The slow boat to fx reform

Nigeria’s proposed floating exchange-rate regime will not emerge until large and steady supplies of fx from autonomous sources complement the CBN’s modest sales to the market. At this point, confidence would return, offshore players would re-enter local securities markets in sizeable numbers and fx would be traded in genuine two-way transactions. The challenge has been how we arrive at this destination from the current system which is effectively administered, old-style, by the CBN. 
One route could be the US$15bn advance payment for crude oil imports by the Indian authorities which Ike Kachikwu, the minister of state for petroleum, is said to have secured on a recent visit to the country. 

India has replaced the US as the leading importer of Nigerian crude. However, a recent note by Fitch Ratings on the Nigerian oil industry has queried the value of the deal in practice. The agency has made similar suggestions about the size of the undertakings made during a visit to China in July by Kachikwu and senior NNPC officials. 

The minister highlighted commitments totalling US$76bn in loans and investments to the Nigerian oil industry, of which US$69bn were destined for the corporation and government agencies.

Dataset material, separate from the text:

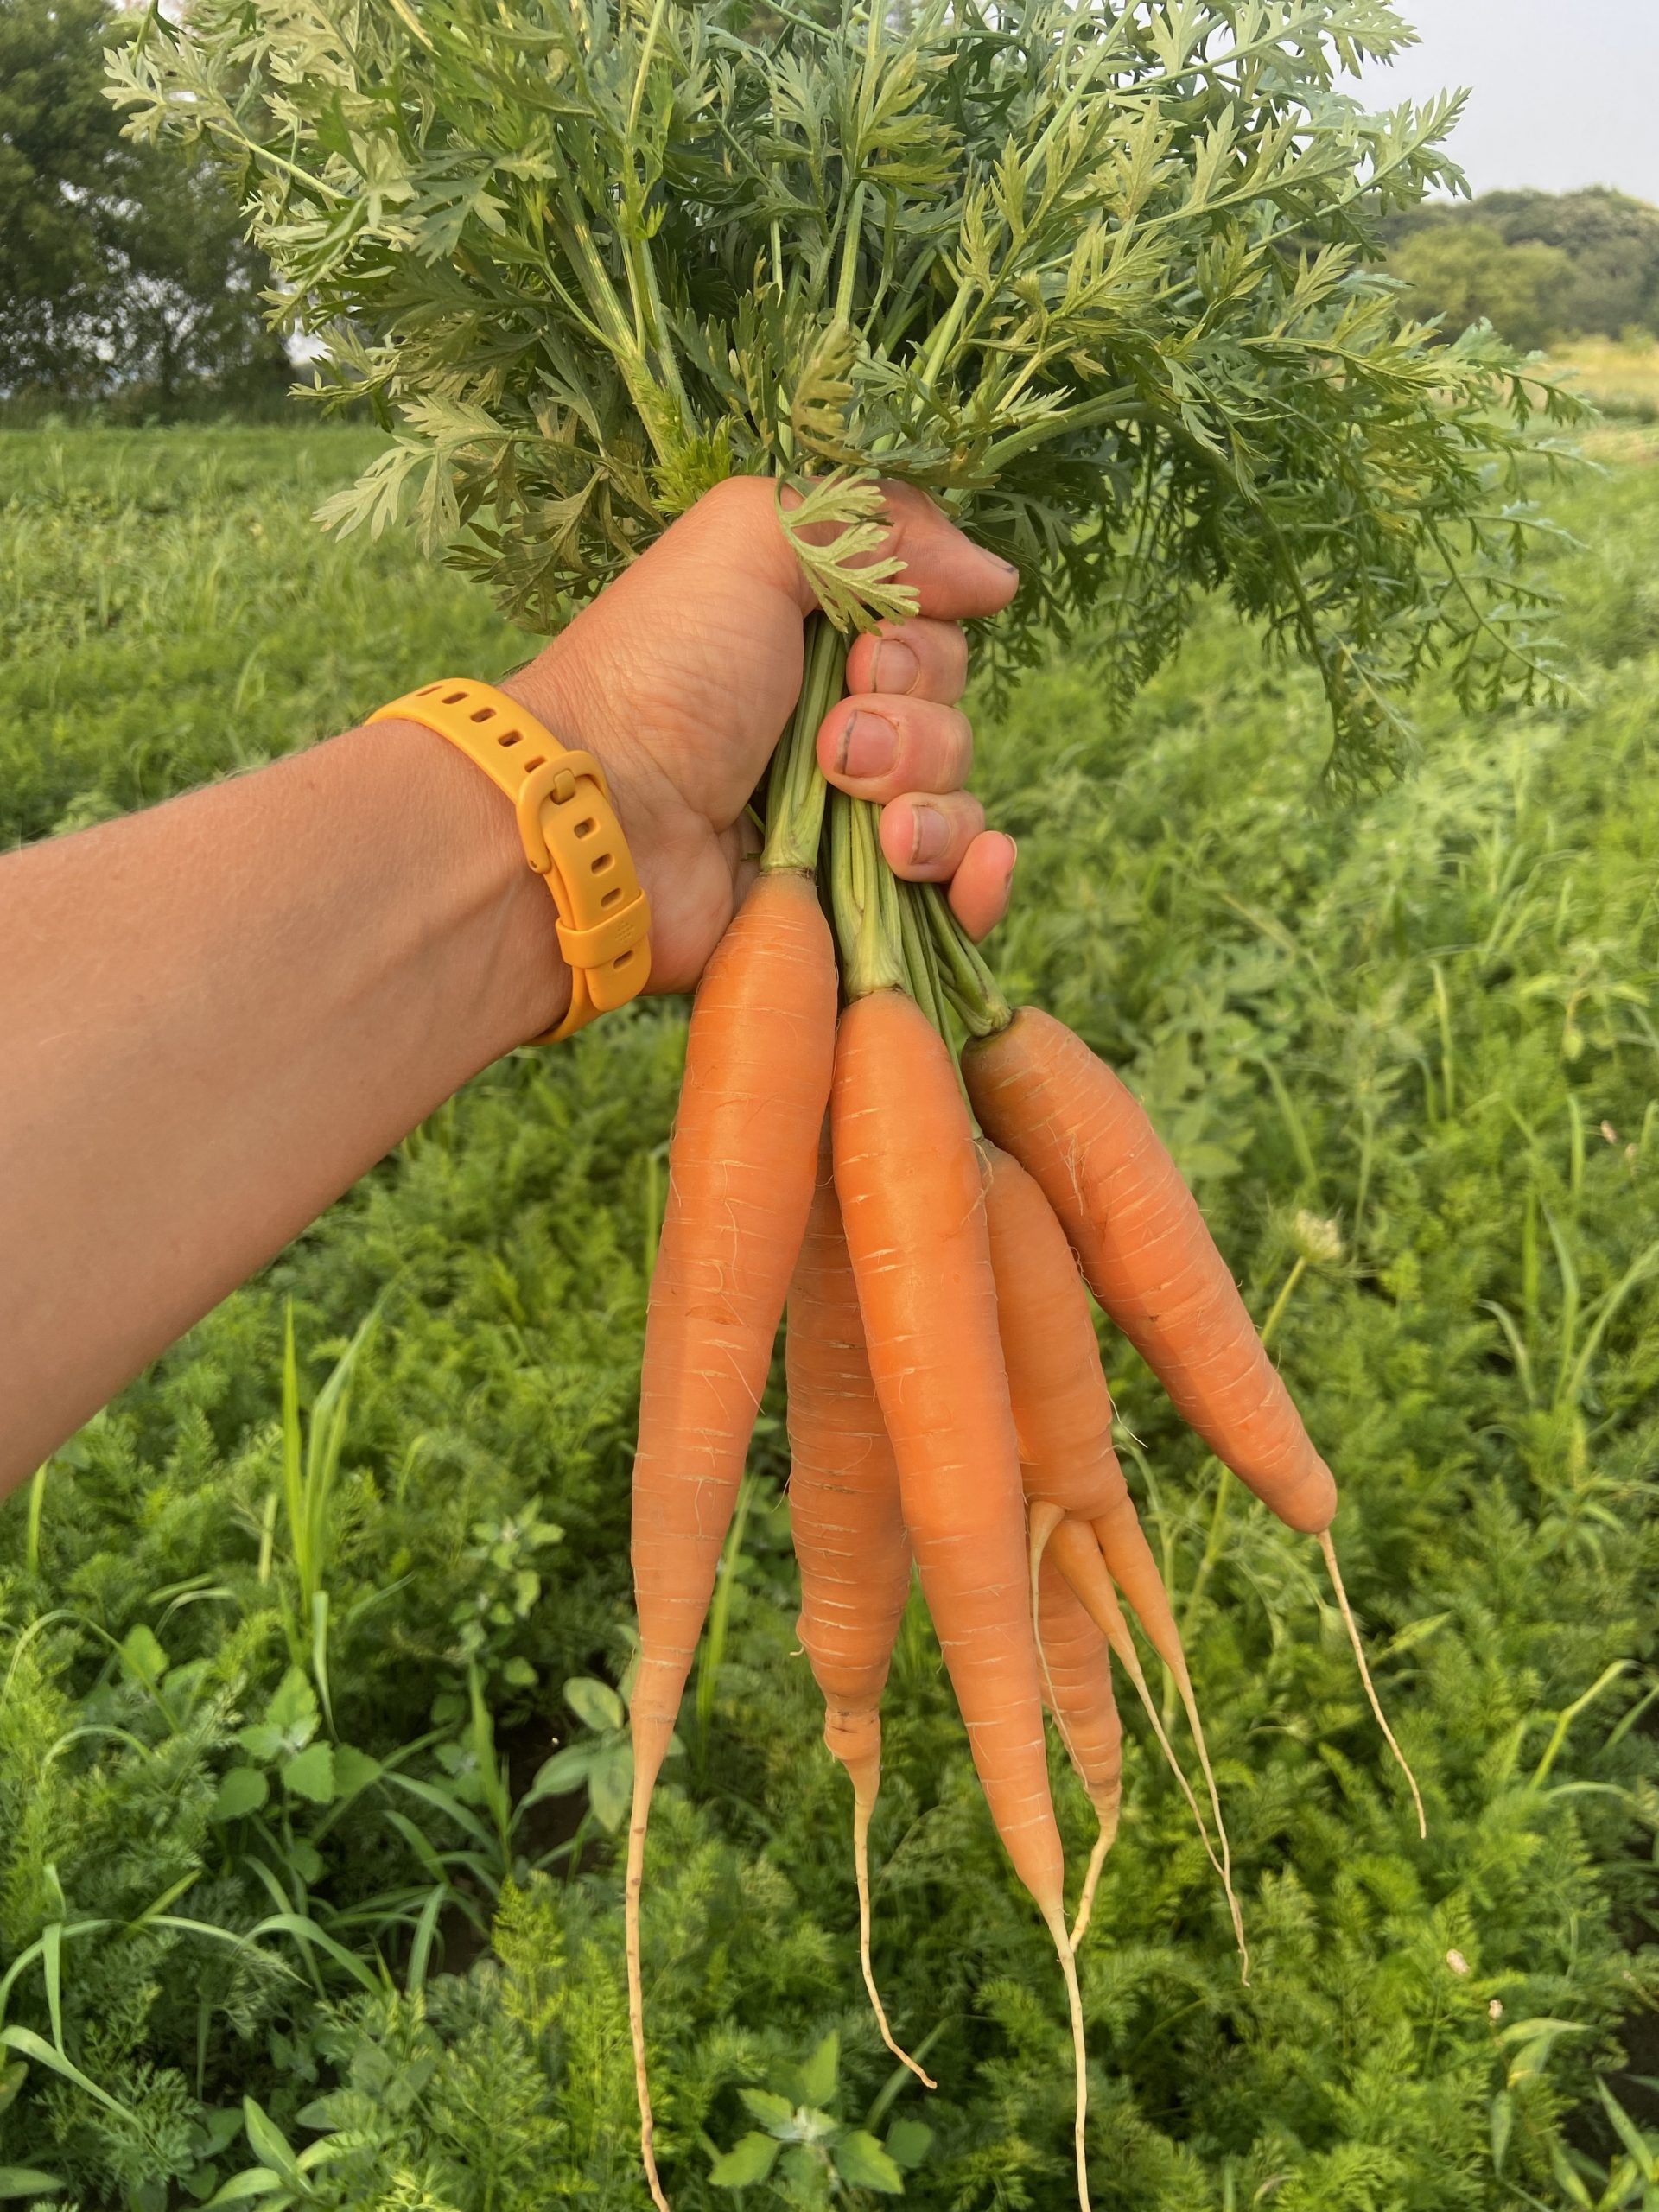 Meijer selling organic mini carrots in new compostable bags | Business |  abc12.com

He acknowledged that a memorandum of understanding was not a binding commitment, and added that a 20% success rate would be an achievement. 

These deals would form part of what we have termed the “piecemeal solution” to the malfunctioning of the fx system. Another element would be the sovereign Eurobond, which now appears to have been pushed into Q1 2017. We expect a successful launch although pricing has become a little less favourable for emerging market issuers since the US presidential election. The yield on Nigeria’s July 2018 maturity has widened by about 20bps on fears of more rate hikes by the Fed than previously expected due to the president-elect’s fiscal agenda. 

 Under the piecemeal solution, we would gradually arrive at the floating regime. The journey would be more rapid and smoother if the FGN accepted IMF loans for the first time (Good Morning Nigeria, 10 October 2016). Concessional external financing from, for example, the World Bank and African Development Bank would flow from such an agreement. The omens are poor, however, due to the resistance of the presidency and most influential Nigerians. 

We should flag another scenario (not our own) under which we arrive quickly at the fx destination without the IMF loans but with concessions on reforms by a more amenable presidency and FGN.